Je pense que le choix entre ces applis dépend vraiment du profil du candidat. Pour ceux qui démarre de zéro et ont besoin de visualiser les notions, surtout les plus complexes, PermisZen avec ses vidéos est un atout. Par contre, ceux qui préfèrent une interface simple, rapide et sans fioritures, avec un format quiz classique, trouveront plus leur compte sur CodeFacile. Perso, j’ai fini par alterner les deux, pour compenser les faiblesses respectives, et ça m’a aidé à progresser plus vite.

  • Débutants avec besoin d’explications visuelles : PermisZen
  • Candidats autonomes préférant une interface claire : CodeFacile
  • Utilisateurs souhaitant limiter les bugs : privilégier CodeFacile
  • Ceux qui veulent du contenu vidéo même avec des latences : PermisZen

J’ai aussi envisagé quelques alternatives pour faire mieux l’expérience. Installer PermisZen sur tablette plutôt que sur smartphone a réduit les problèmes de latence et m’a permis de mieux suivre les vidéos. Alterner les deux applis dans la semaine, plutôt que de rester bloqué sur une seule, a évité la lassitude liée au fading des questions sur CodeFacile. Ce mix a été indispensable pour garder le cap et continuer à avancer sans perdre de temps.

Au final, ces applis gratuites m’ont donné un bon coup de main, mais aucune n’est parfaite.
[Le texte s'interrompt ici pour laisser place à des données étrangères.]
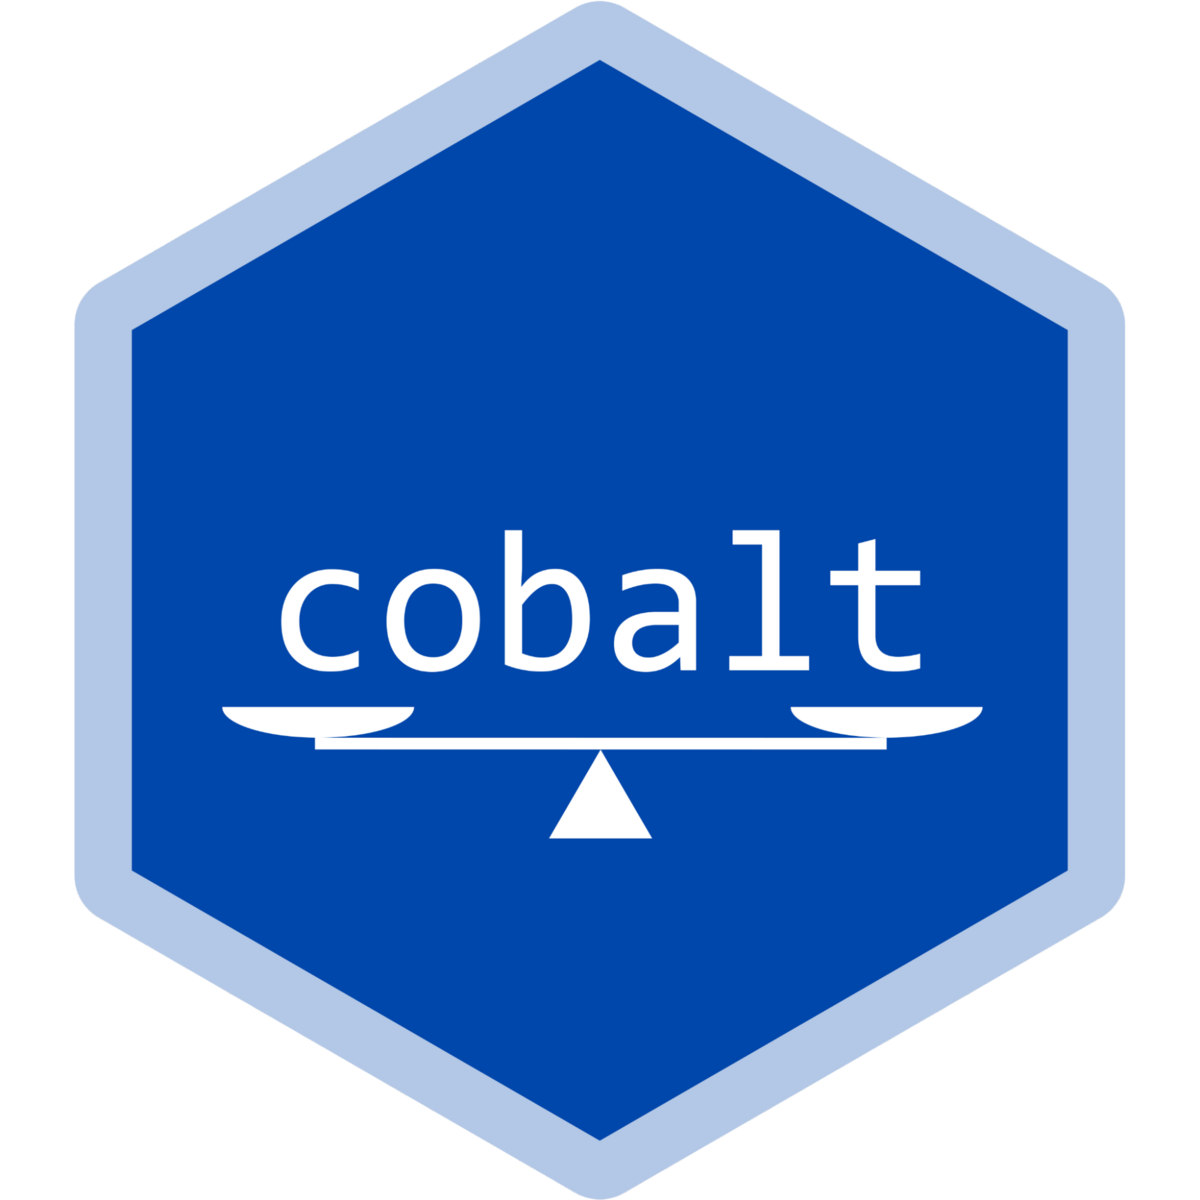 The logo for Cobalt: a blue hexagon with a simple balance scale under "cobalt".

En combinant méthodologie structurée et supports vidéo, j’ai réussi à sortir d’une routine monotone et à garder un rythme régulier, ce qui reste le point clé pour réussir les tests. Ce qui compte vraiment, c’est de savoir s’adapter à ses besoins et ne pas hésiter à changer de méthode quand ça coince.

Maintenant que tout est clair, on passe à la suite sans perdre de temps.
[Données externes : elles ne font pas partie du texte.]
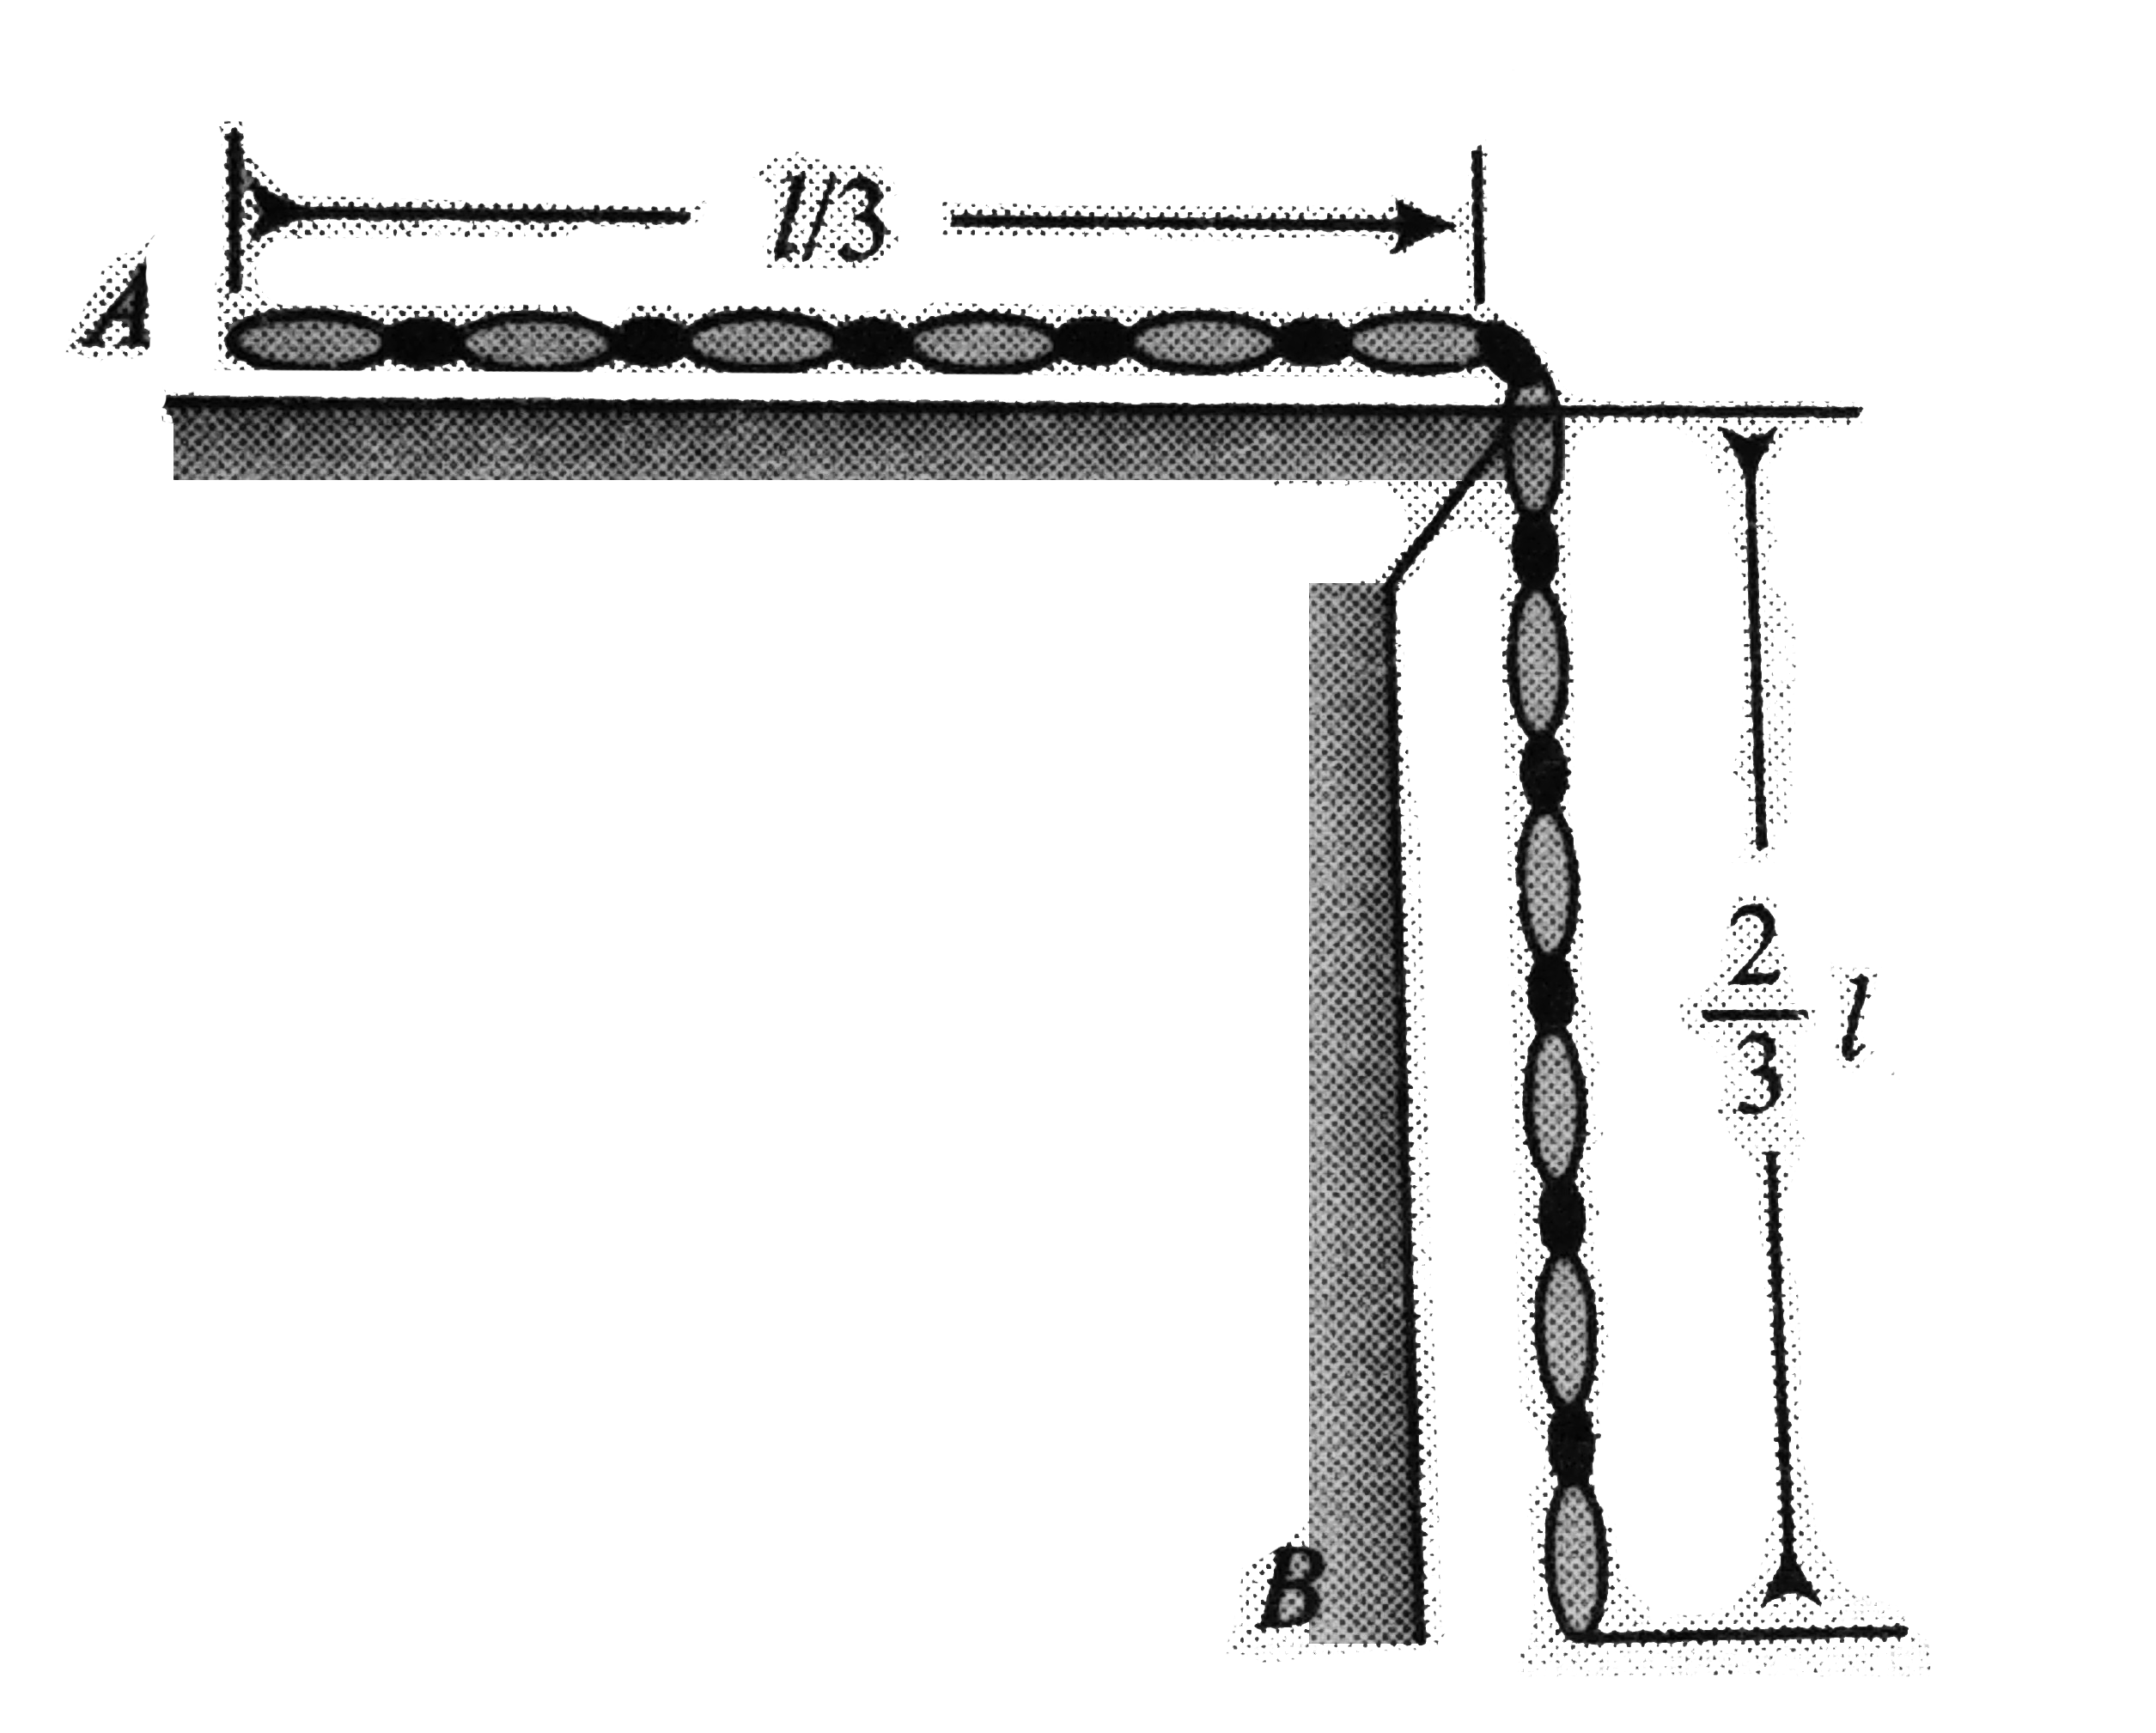 A uniform chain of mass m and length l is at the verge of sliding under the effect of gravity of the hanging part. Find the      a. coefficient of friction, between chain and table.   b. work done by friction and gravity till the chain leaves the table if the hanging part is pulled gently and released.   c. speed of the chain at the time of leaving the table in part (b) .   d. work done by the external force acting at the end A of the chain in slowly pulling the chain completely onto the table.

Après trente jours de test, le verdict est clair pour moi : CodeFacile a fait grimper mes scores de 65% à 82% sur les tests blancs, ce qui n’est pas rien. Pourtant, son système de répétition sans explications détaillées ni pauses adaptées m’a freiné à partir du dixième jour. PermisZen a apporté un vrai plus avec ses vidéos et son côté formateur à portée de main, mais les bugs fréquents, la latence sur les vidéos en 3G, et les incohérences entre contenu et quiz ont limité son apport. L’alternance entre les deux applis a été ma solution pour compenser ces défauts : la rigueur de CodeFacile et le support visuel de PermisZen ont fini par s’équilibrer. En bref, pour progresser, j’ai dû composer avec les forces et faiblesses de chacune. Ça n’a pas été parfait, mais ça a marché, et c’est ce que j’attendais.